▸ Instructions for the task: Pictures stay out of the copy. Retype exactly, and only, the lines from the one containing "Robes de mariée élégante" through the end of the listing below.

▸ Information provided:

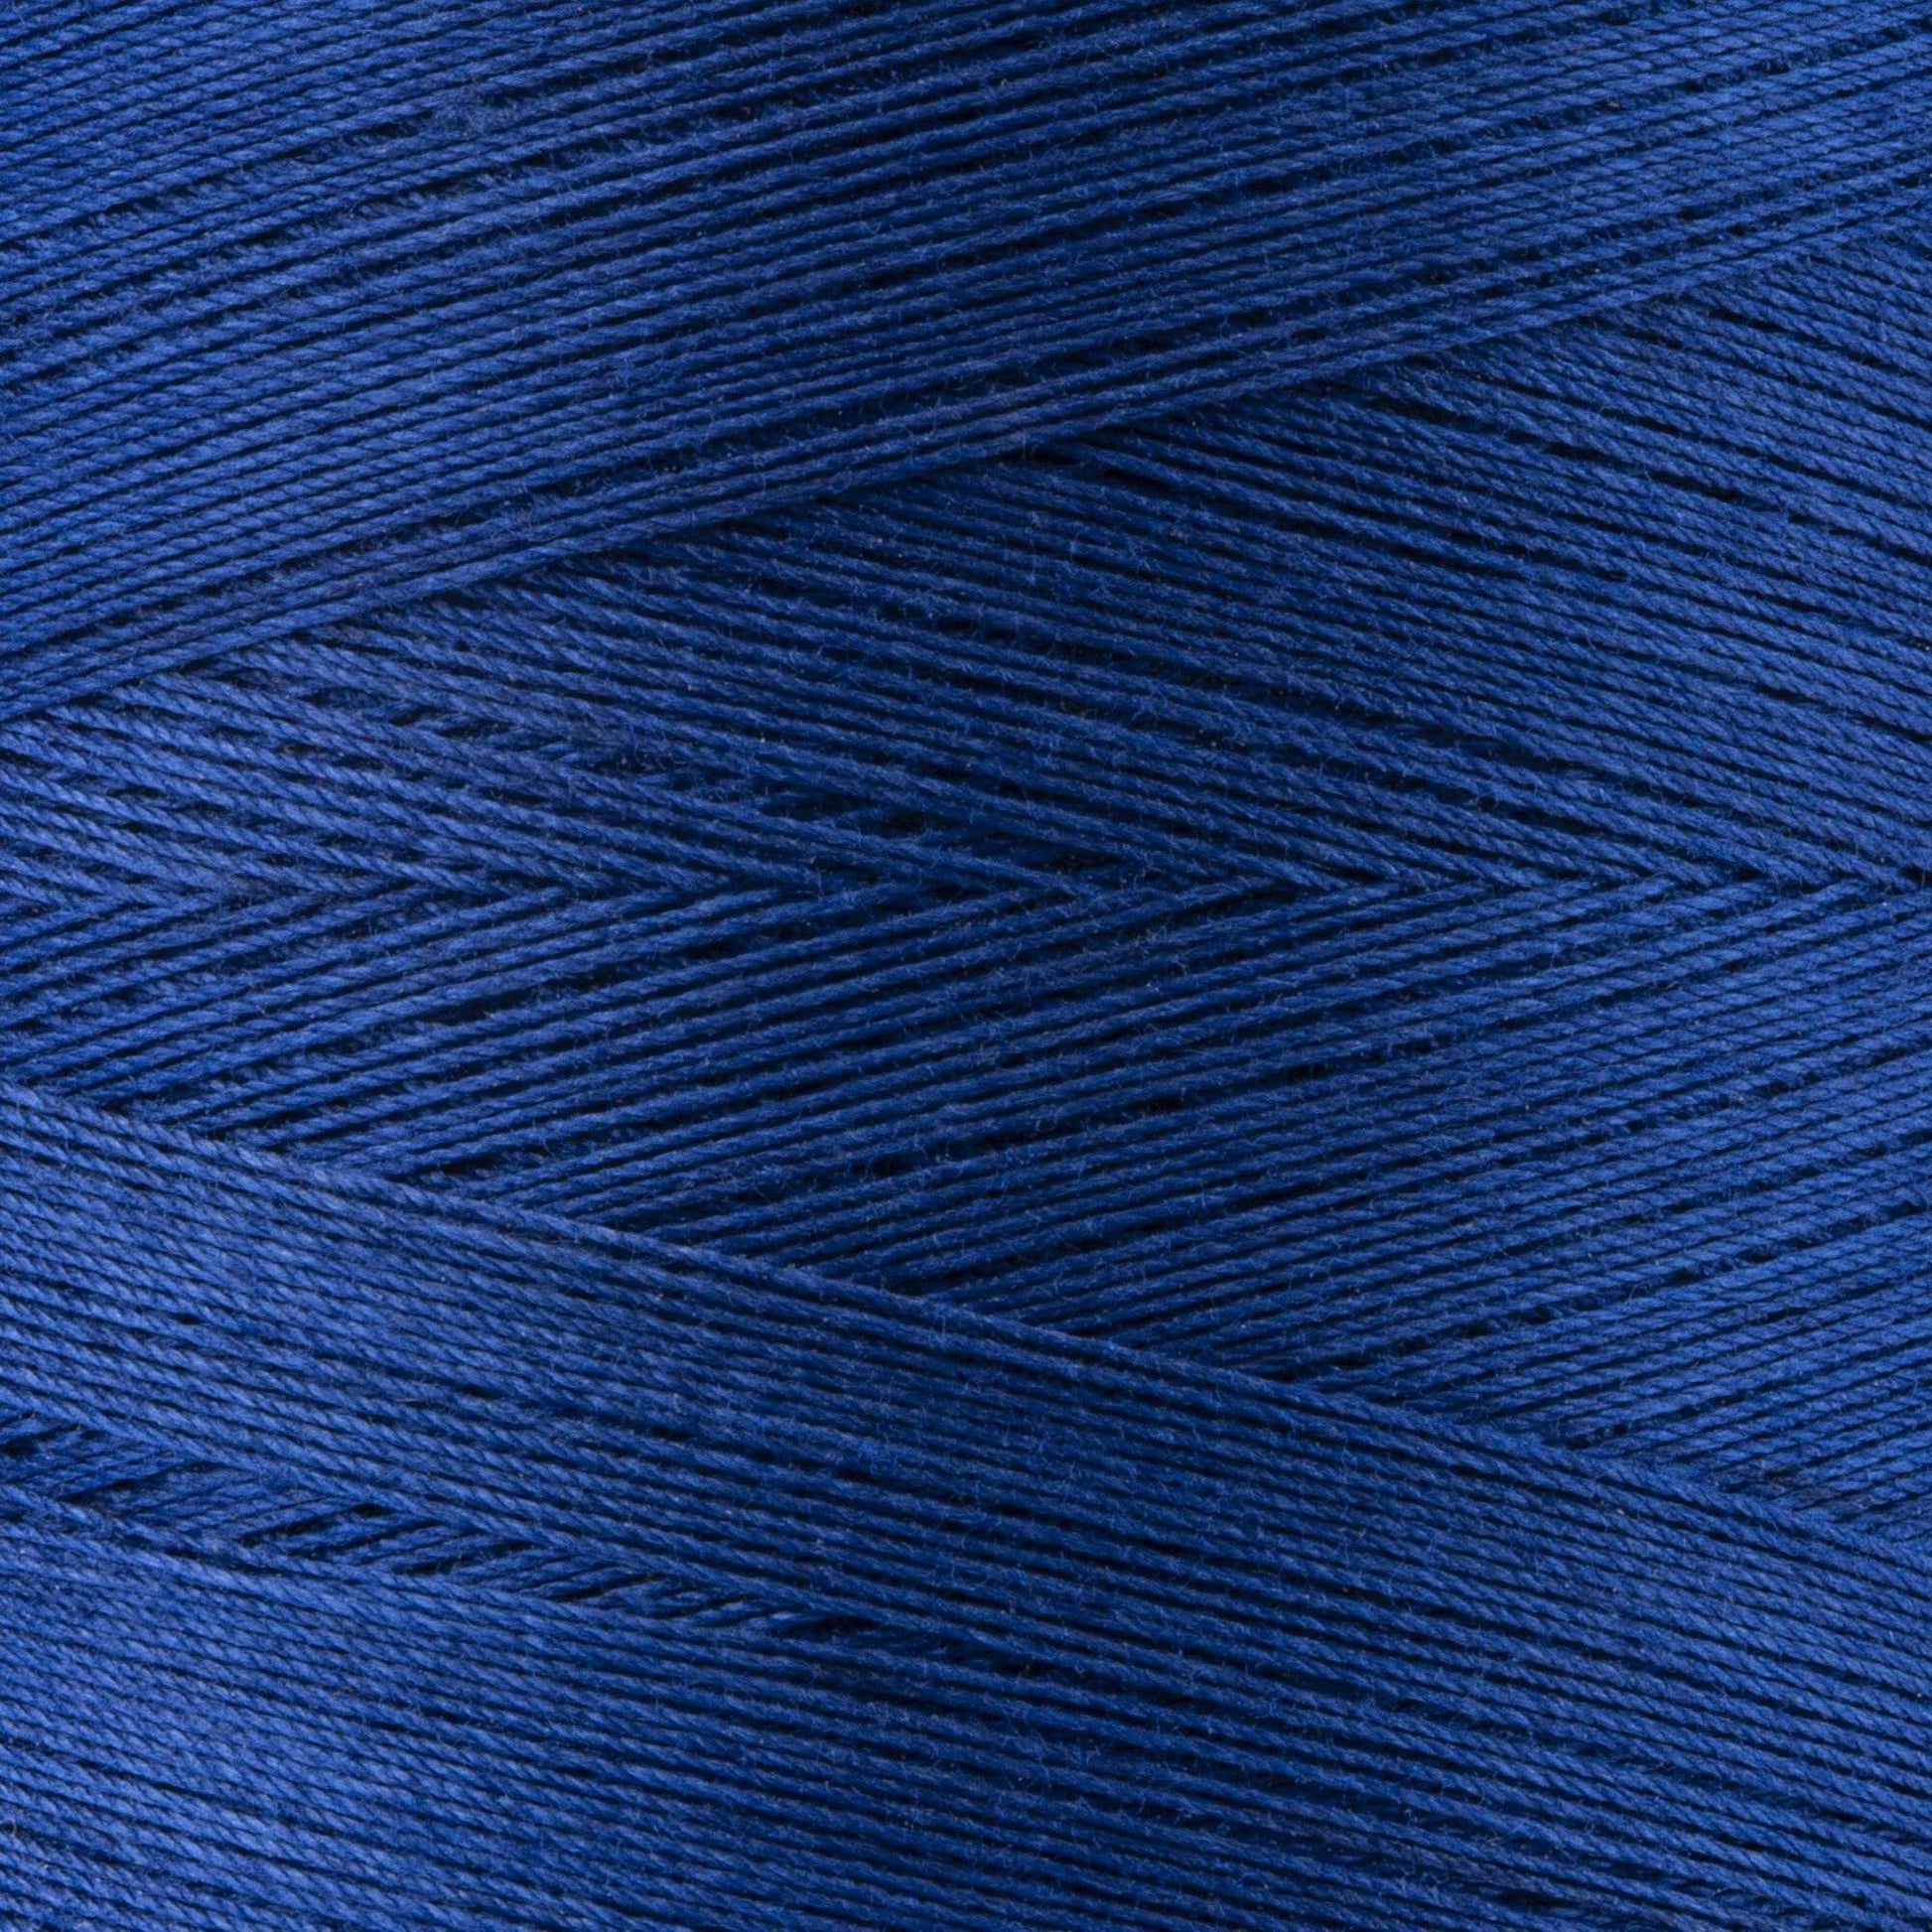 Coats & Clark Cotton Machine Quilting Thread (1200 Yards) Yale Blue
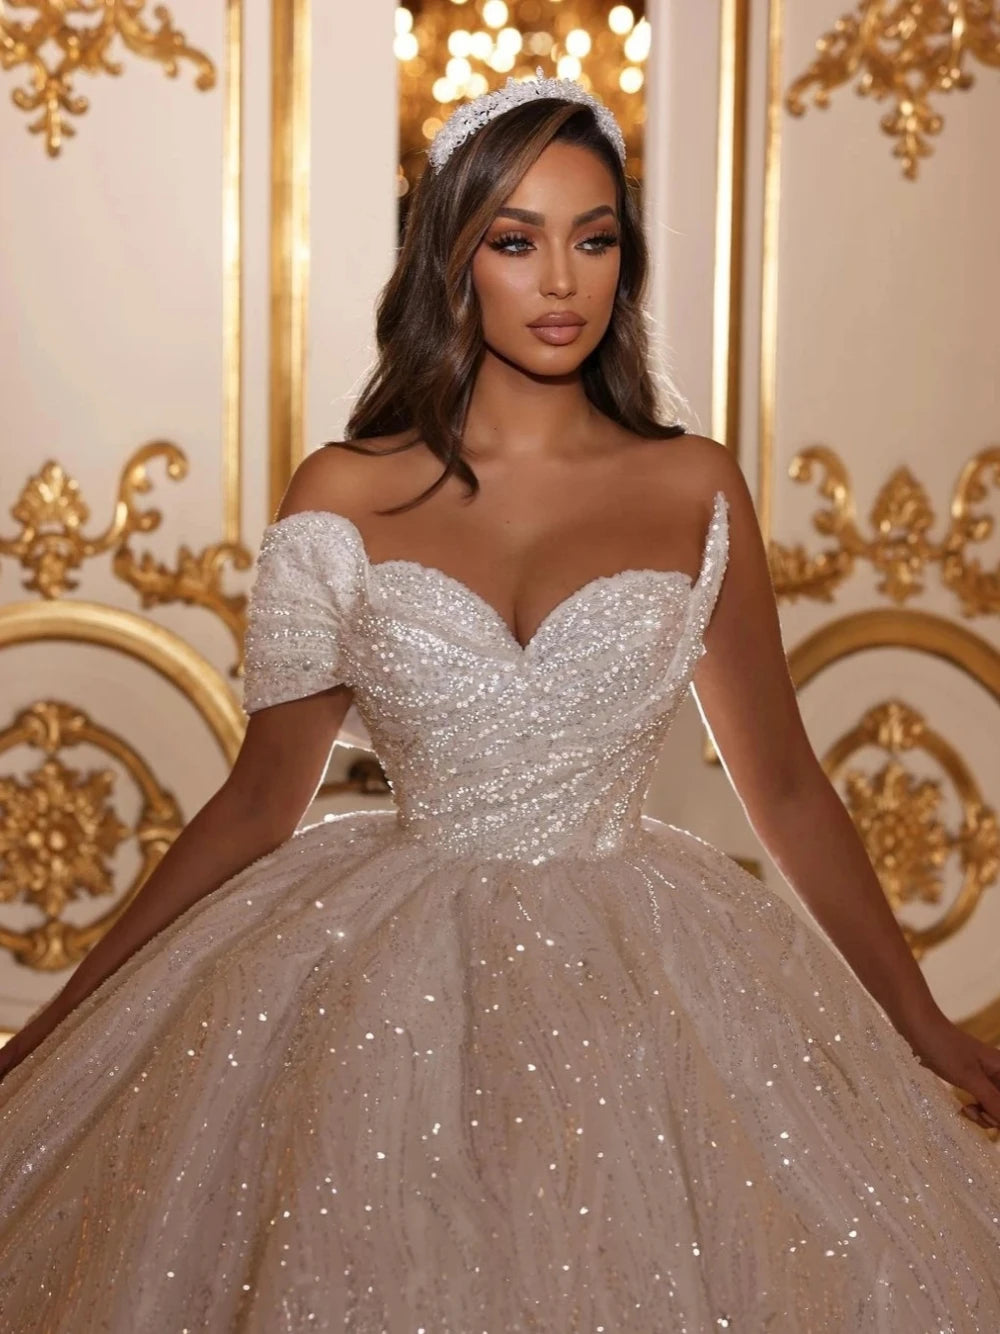 Robes de mariée élégante Couche en cœur perle la robe de bal de bal robe nuptiale des robes de mariée au sol brillantes vestidos de novia
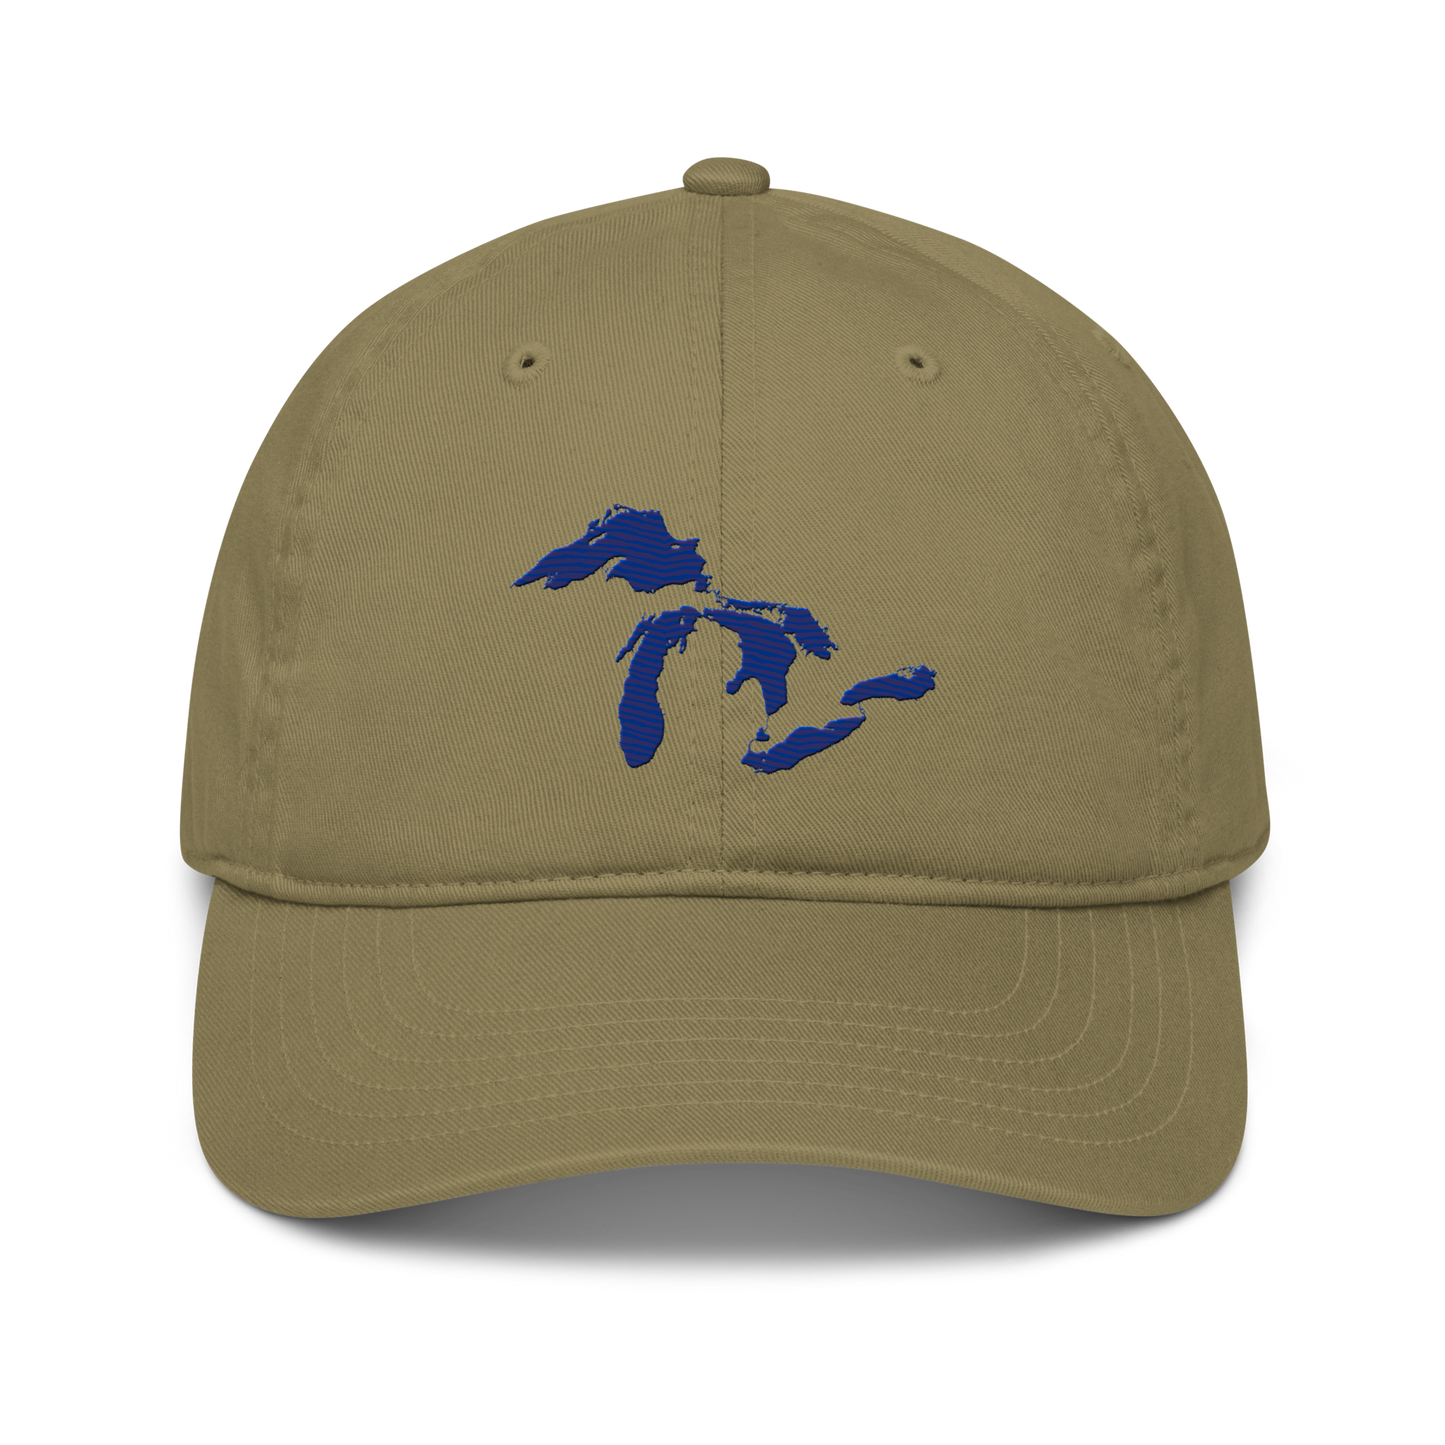 Great Lakes Classic Baseball Cap | Bourbon Blue

▸ Task result:
 Robes de mariée élégante Couche en cœur perle la robe de bal de bal robe nuptiale des robes de mariée au sol brillantes vestidos de novia
 Great Lakes Classic Baseball Cap | Bourbon Blue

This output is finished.